Presto Metrics on the Default Datadog Dashboard

Qubole Presto supports Datadog monitoring and it also supports metrics on Datadog dashboards.


The feature to use the Datadog UI is not available by default. Create a ticket with Qubole Support to enable this feature on the QDS account.

When Datadog monitoring is configured on a Presto cluster, the metrics of an active cluster are displayed on a default Datadog dashboard. The default Datadog dashboad metrics are:

  • presto.jmx.gc.minor_collection_time
  • presto.jmx.avg_planning_time
  • presto.jmx.qubole.workers
  • presto.jmx.qubole.request_failures
  • presto.jmx.running_queries
  • presto.jmx.completed_queries
  • presto.jmx.failed_queries


Understanding the Presto Metrics for Monitoring provides more details on the metrics and the actions that you can do to remove the cause of errors.

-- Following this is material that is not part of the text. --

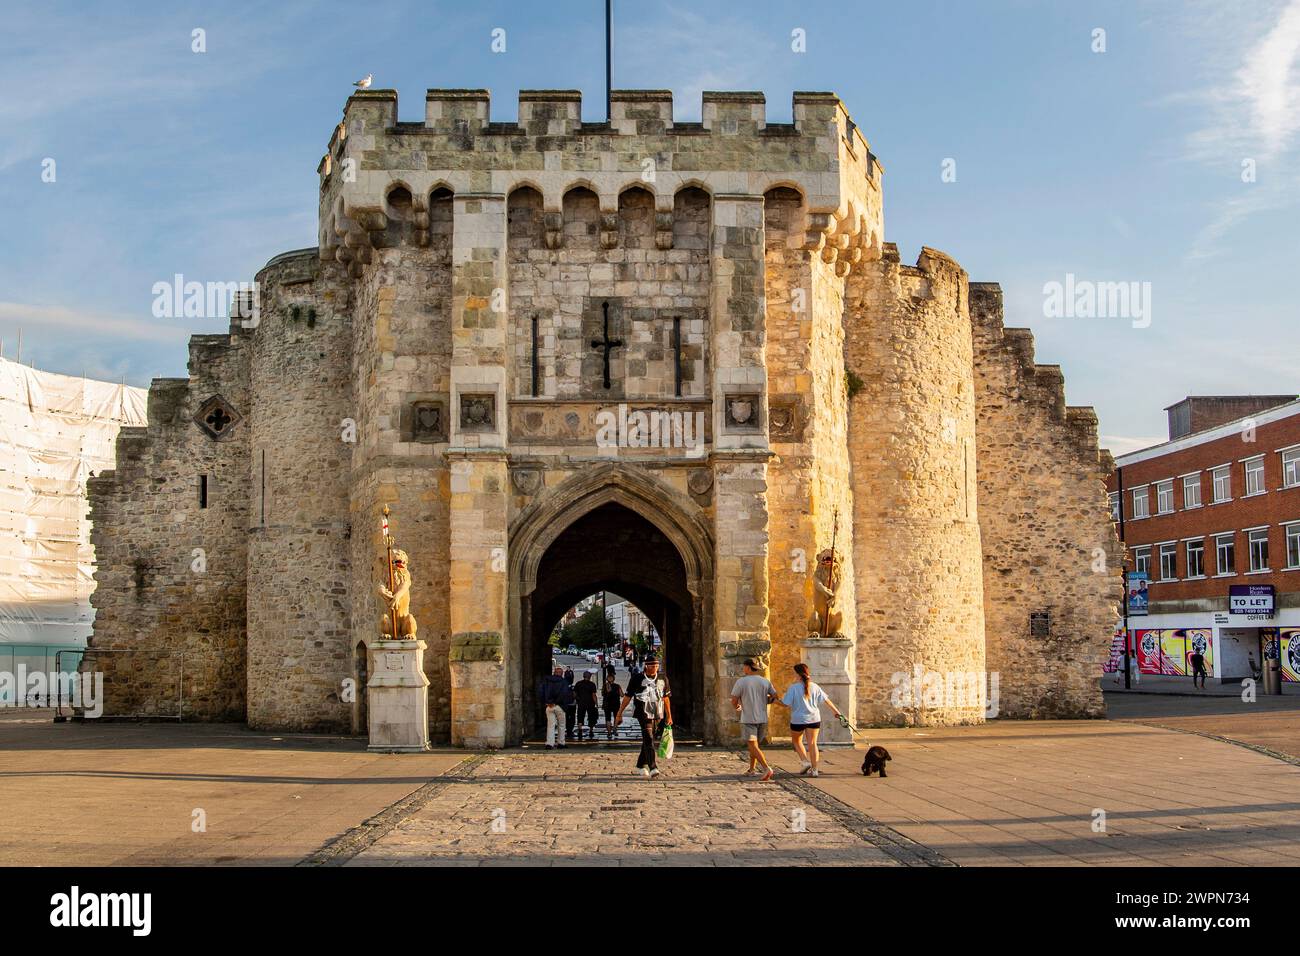 Porte de ville médiévale Bargate dans le centre, Southampton, Hampshire, Grande-Bretagne, Angleterre Banque D'Images

In addition to the default Presto metrics that Qubole sends to Datadog, you can also send other Presto metrics to Datadog. Qubole uses Datadog’s JMX agent through jmx.yaml configuration file in its Datadog integration. It uses 8097 as the JMX port. This enhancement is available for a beta access and it can be enabled by creating a ticket with Qubole Support.

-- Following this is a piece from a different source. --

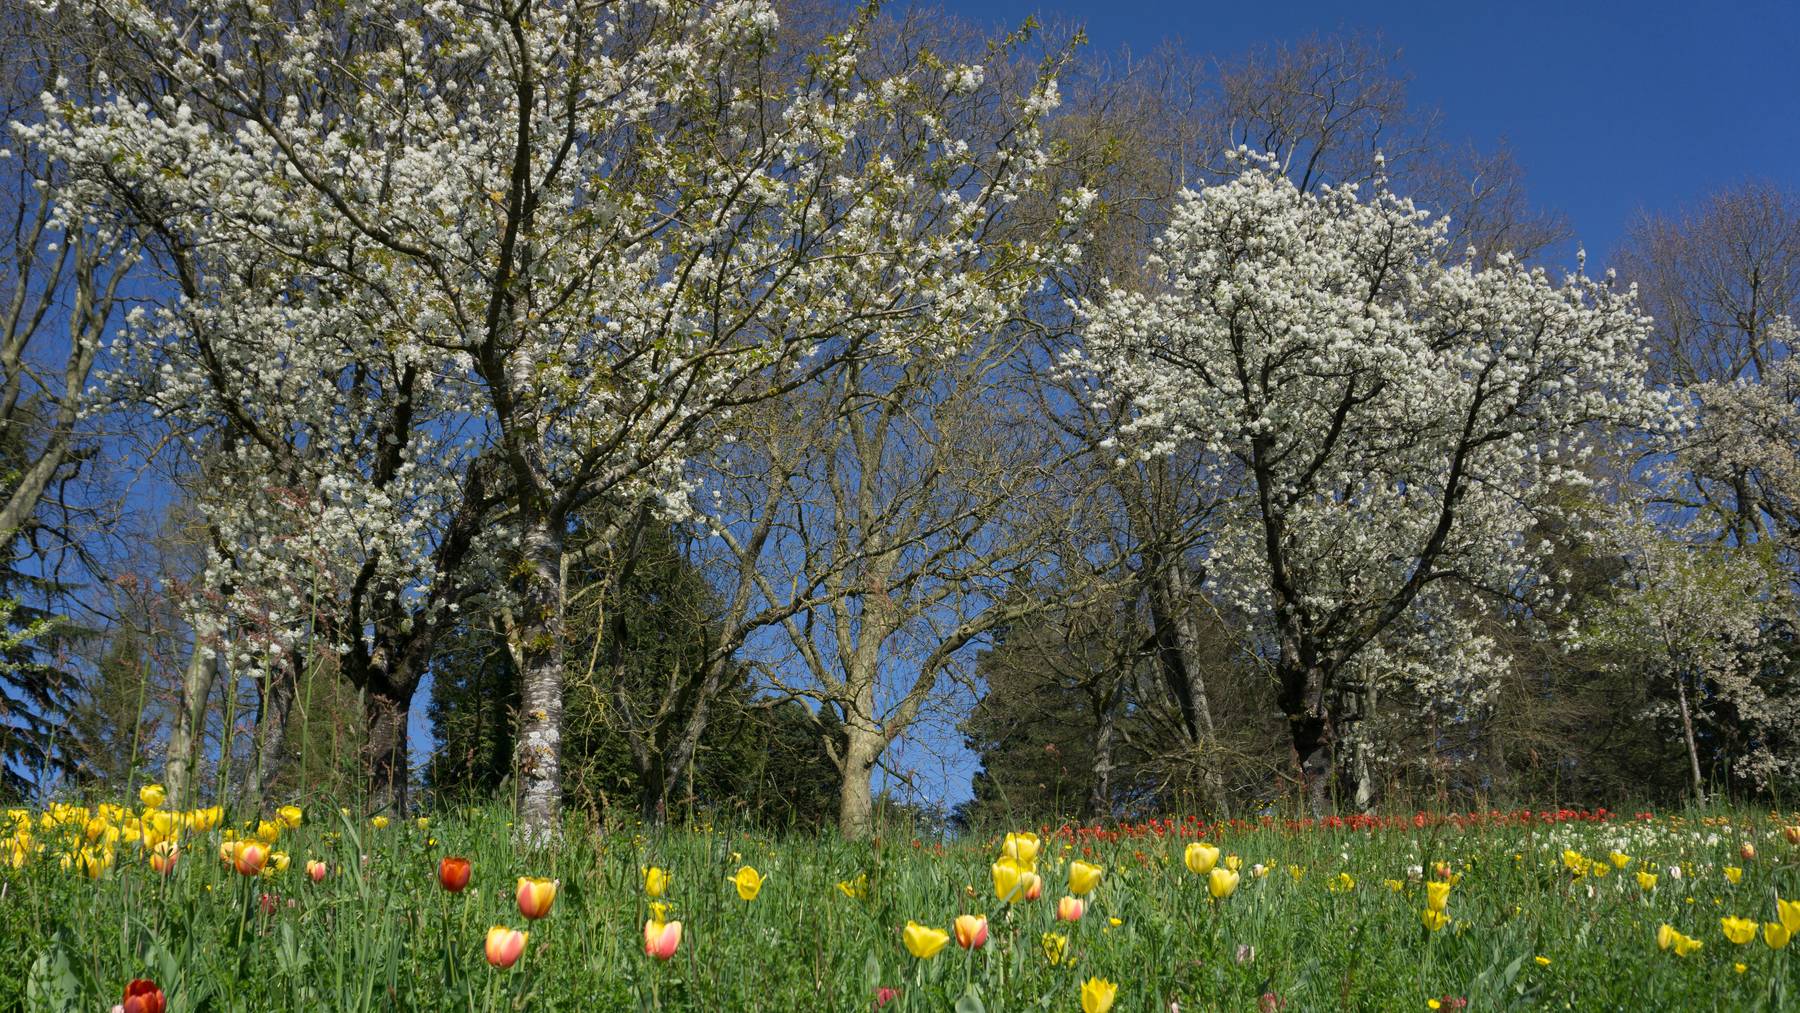 Rekordverdächtige Pollensaison in der Schweiz

As a prerequisite, you must enable Datadog monitoring on the Presto cluster.

Enabling Datadog

Advanced configuration: Modifying Cluster Monitoring Settings describes how to enable Datadog through the cluster UI. Add Datadog API and APP tokens in the Advanced Configuration of the Presto cluster. Create a New Cluster describes how to configure Datadog through a API call.

Here is an example that illustrates Datadog tokens on the cluster UI.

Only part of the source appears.